Data for this task —

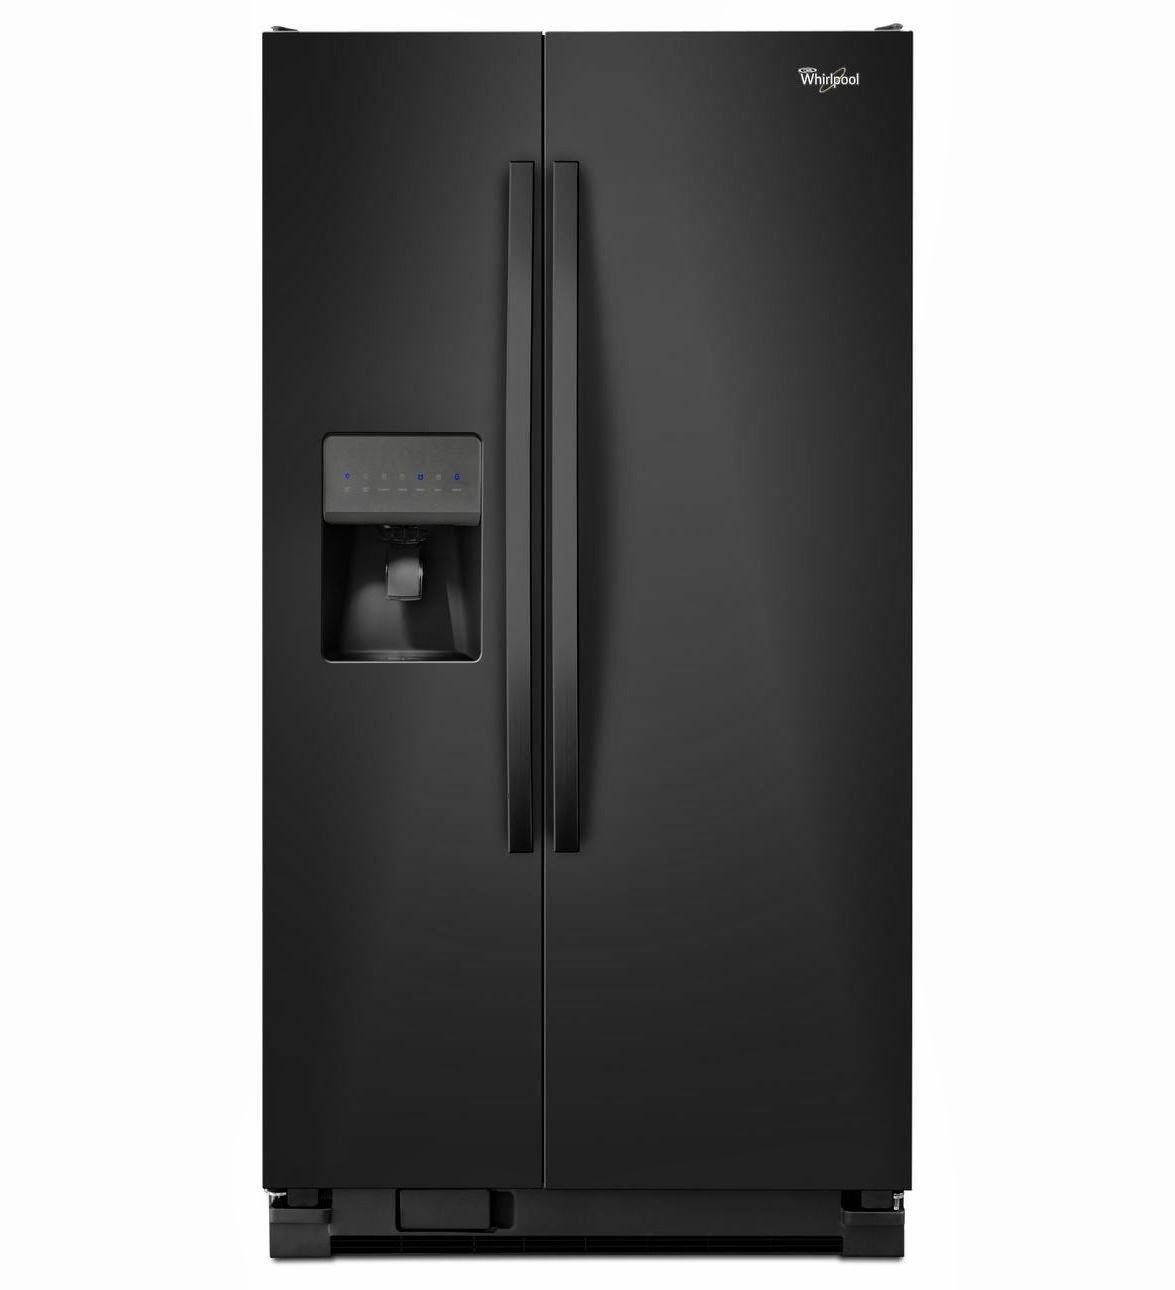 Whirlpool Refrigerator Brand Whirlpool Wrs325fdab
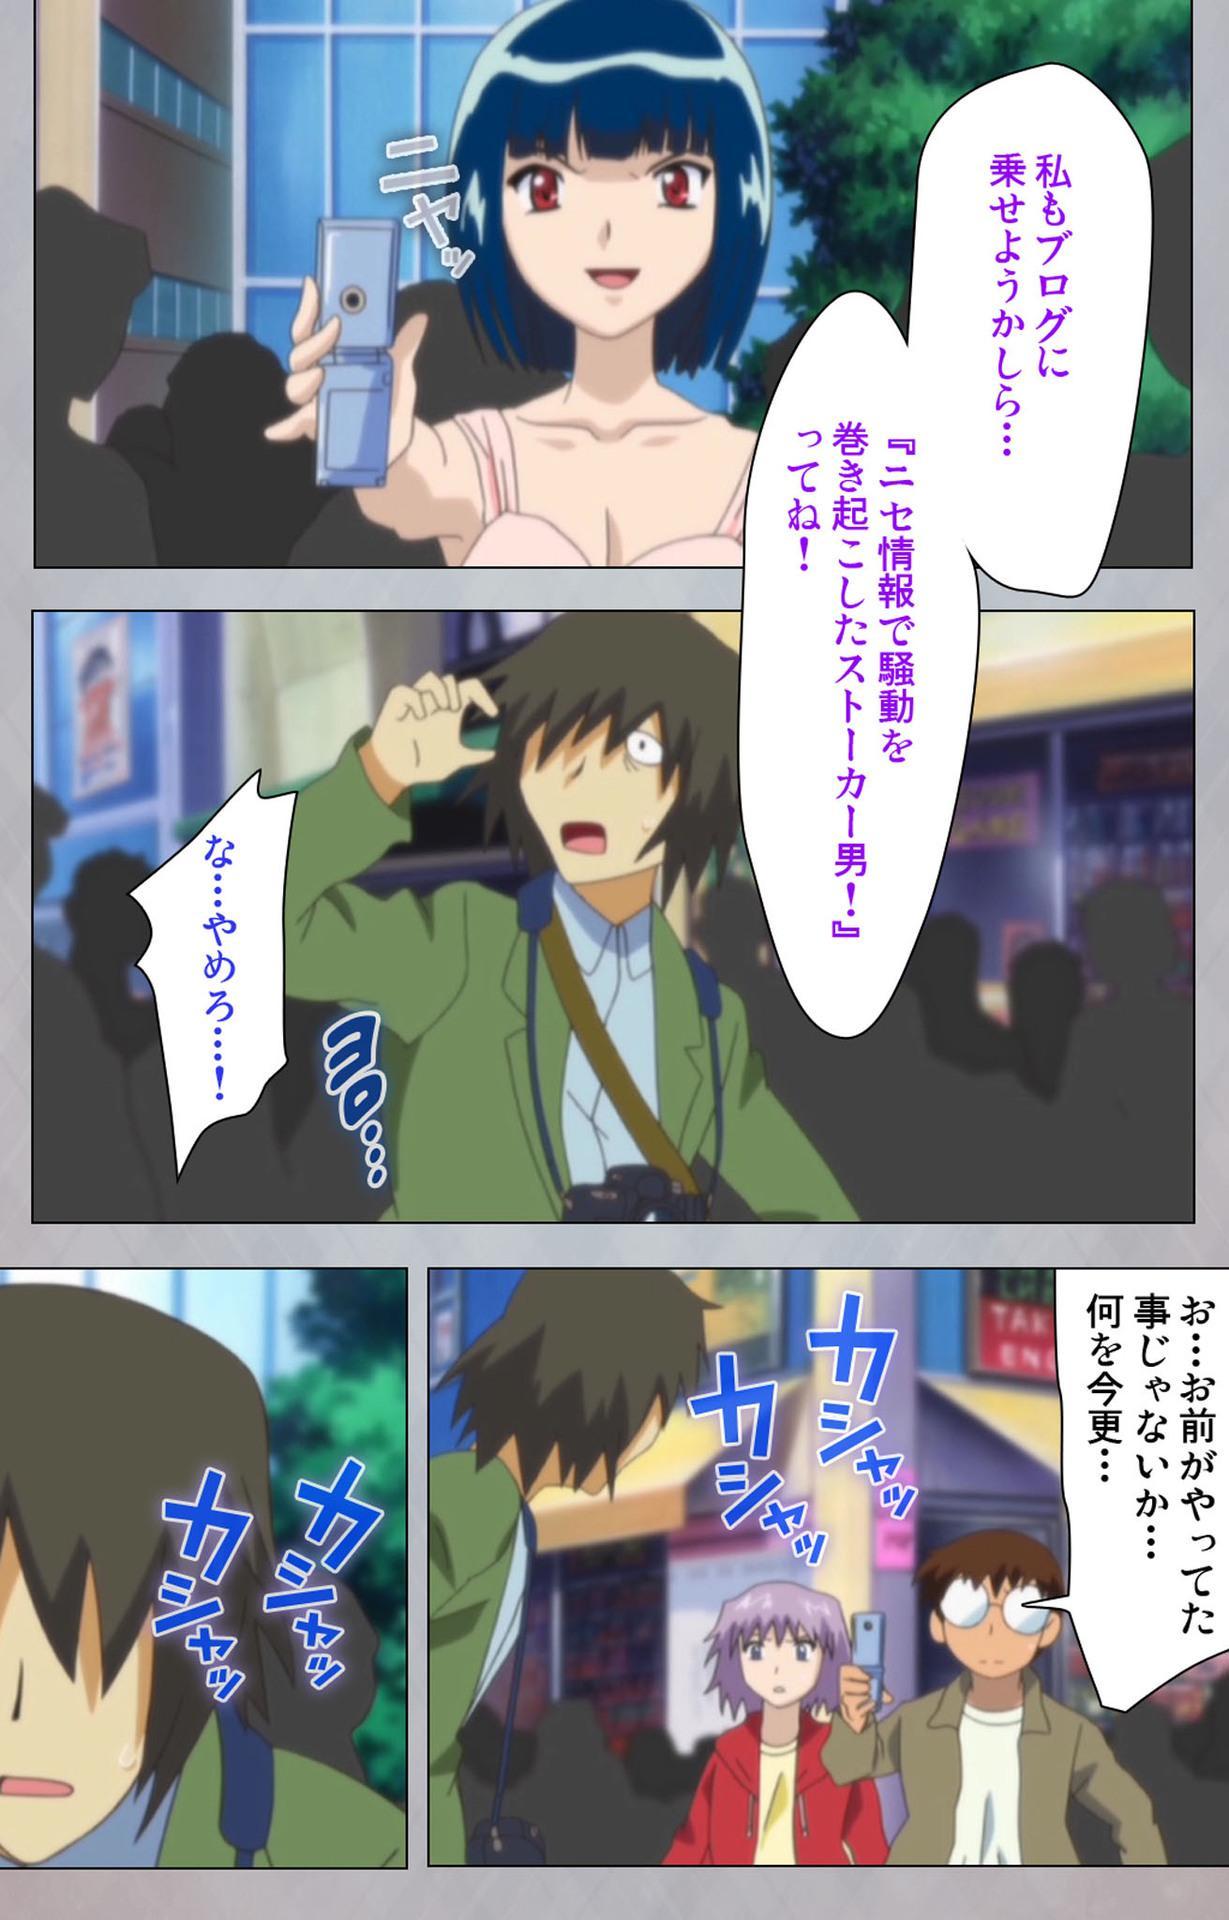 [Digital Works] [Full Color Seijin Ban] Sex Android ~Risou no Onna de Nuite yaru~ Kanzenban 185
---
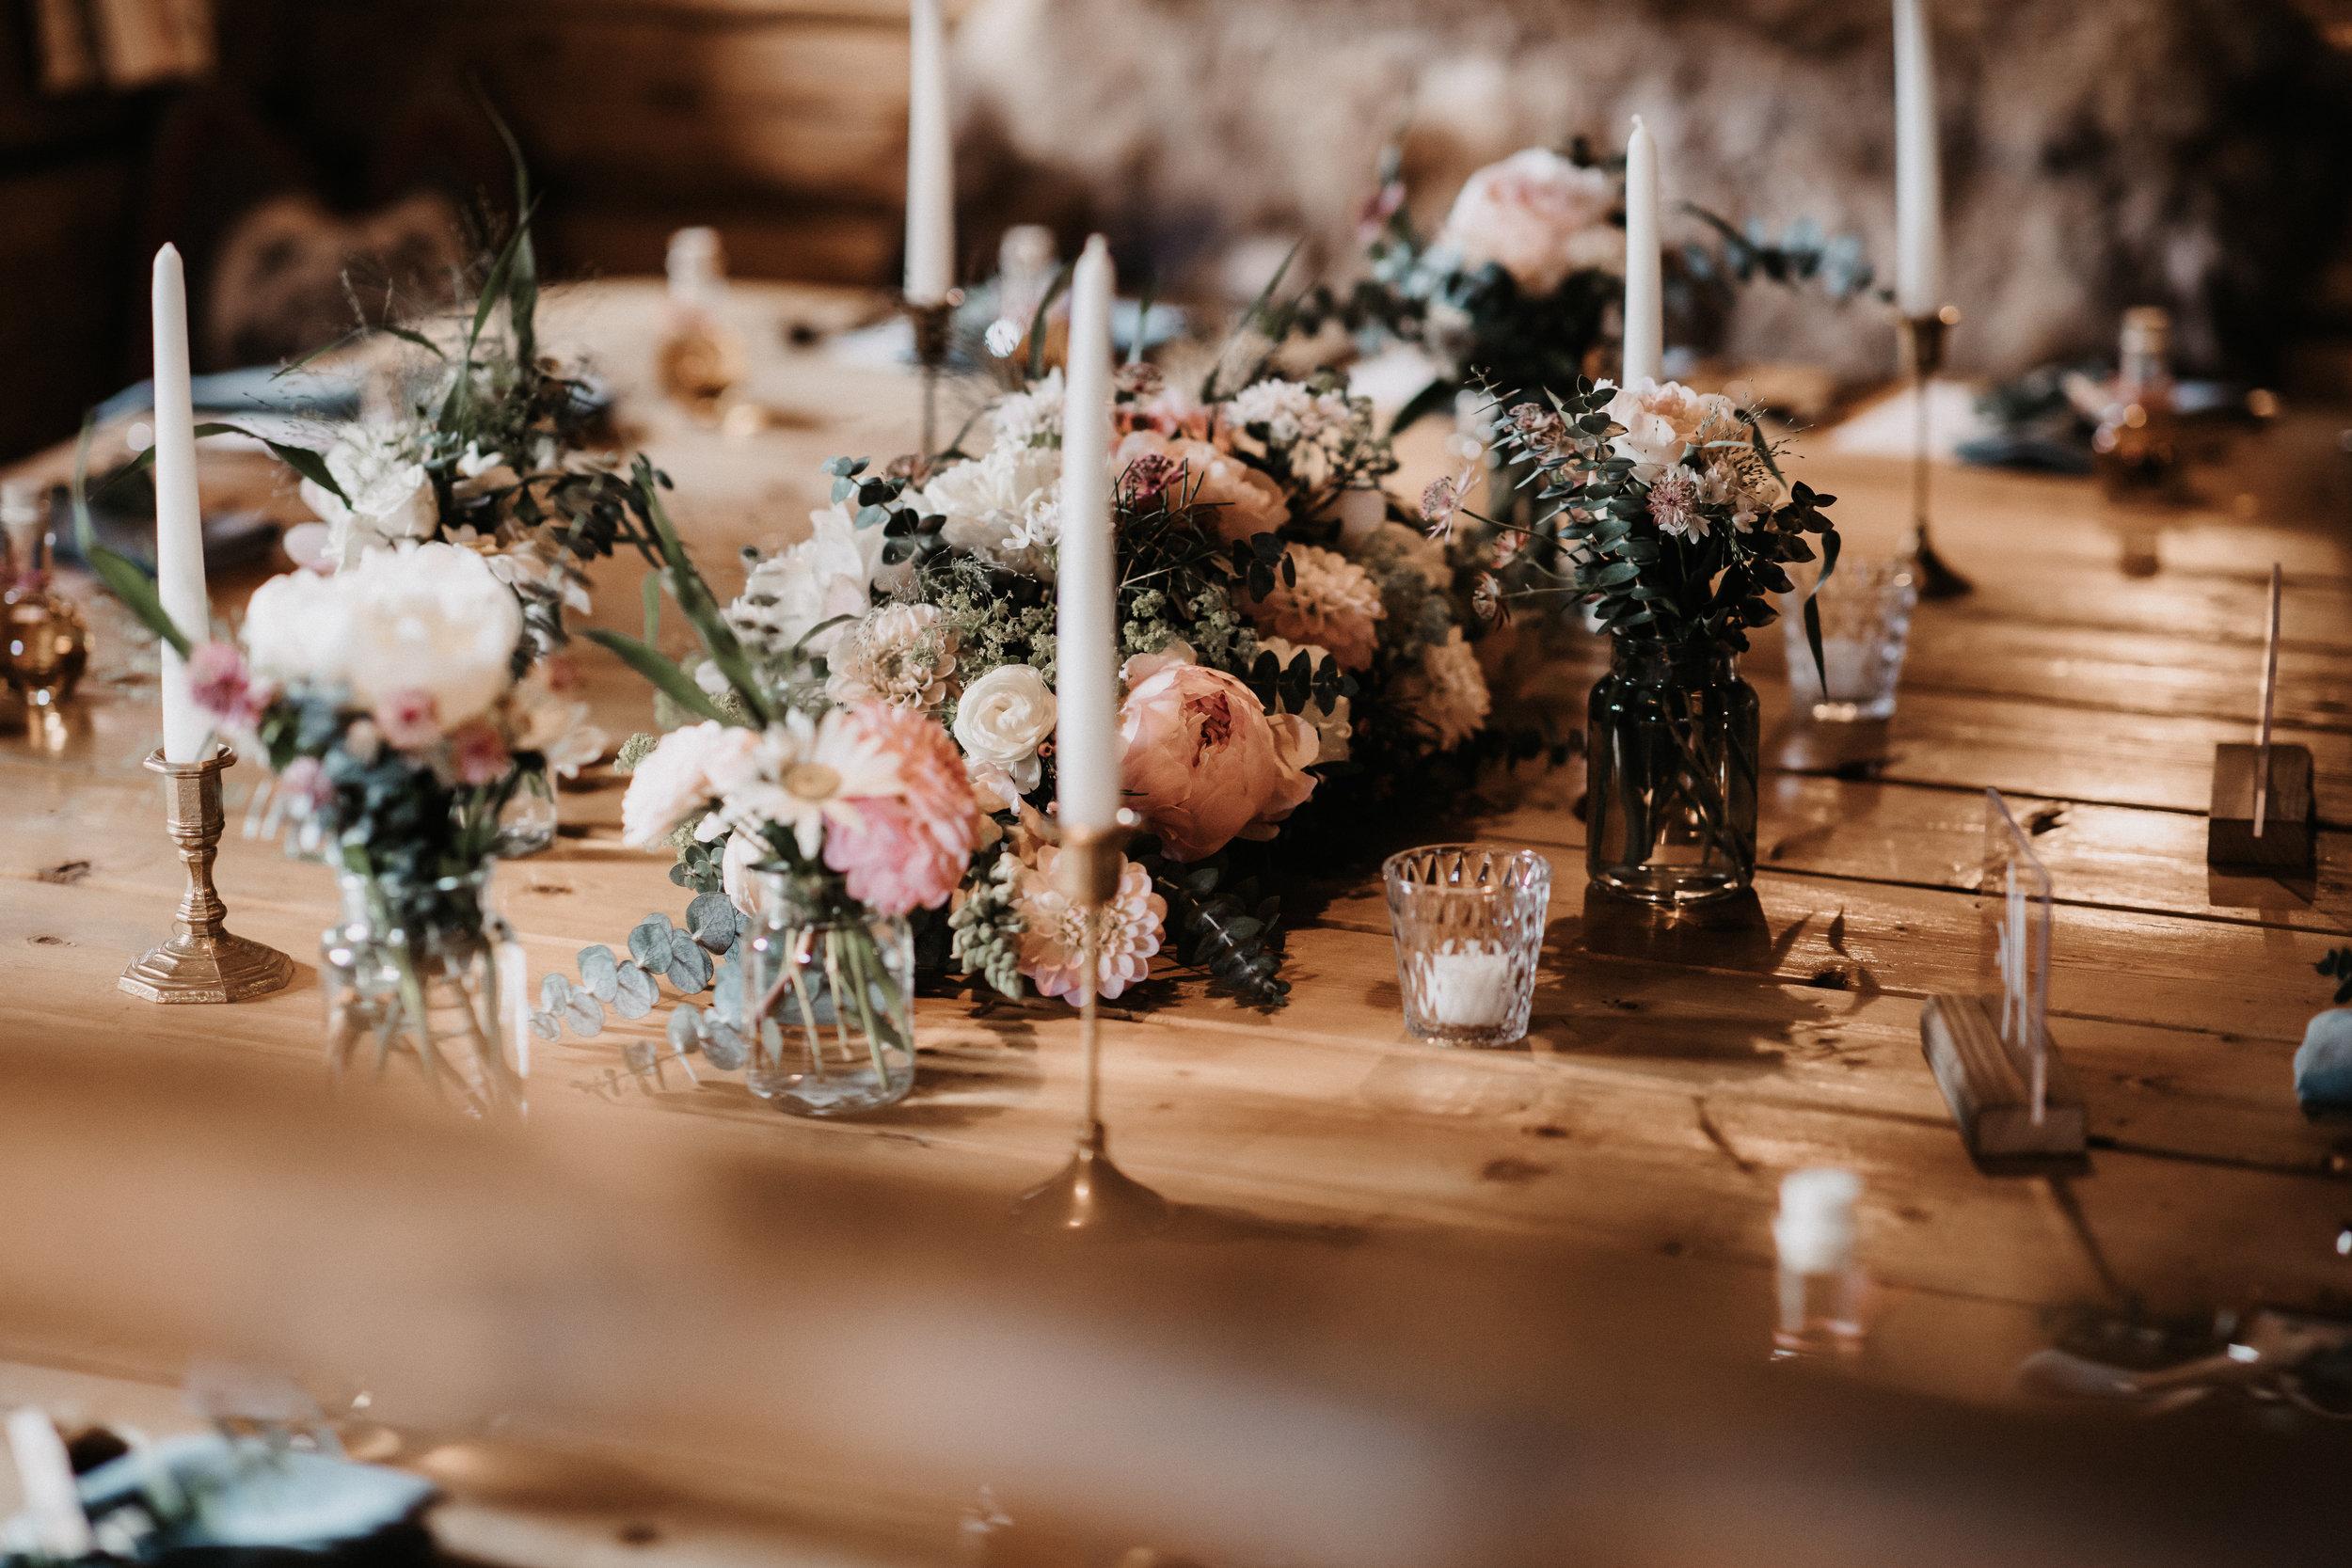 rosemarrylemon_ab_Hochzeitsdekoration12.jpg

What to work on —
From the records above, copy only the lines running from the line containing "Whirlpool Refrigerator Brand" to the line containing "[Digital Works] [Full", both ends included. Leave the pictures out.

Answer —
 Whirlpool Refrigerator Brand Whirlpool Wrs325fdab
 [Digital Works] [Full Color Seijin Ban] Sex Android ~Risou no Onna de Nuite yaru~ Kanzenban 185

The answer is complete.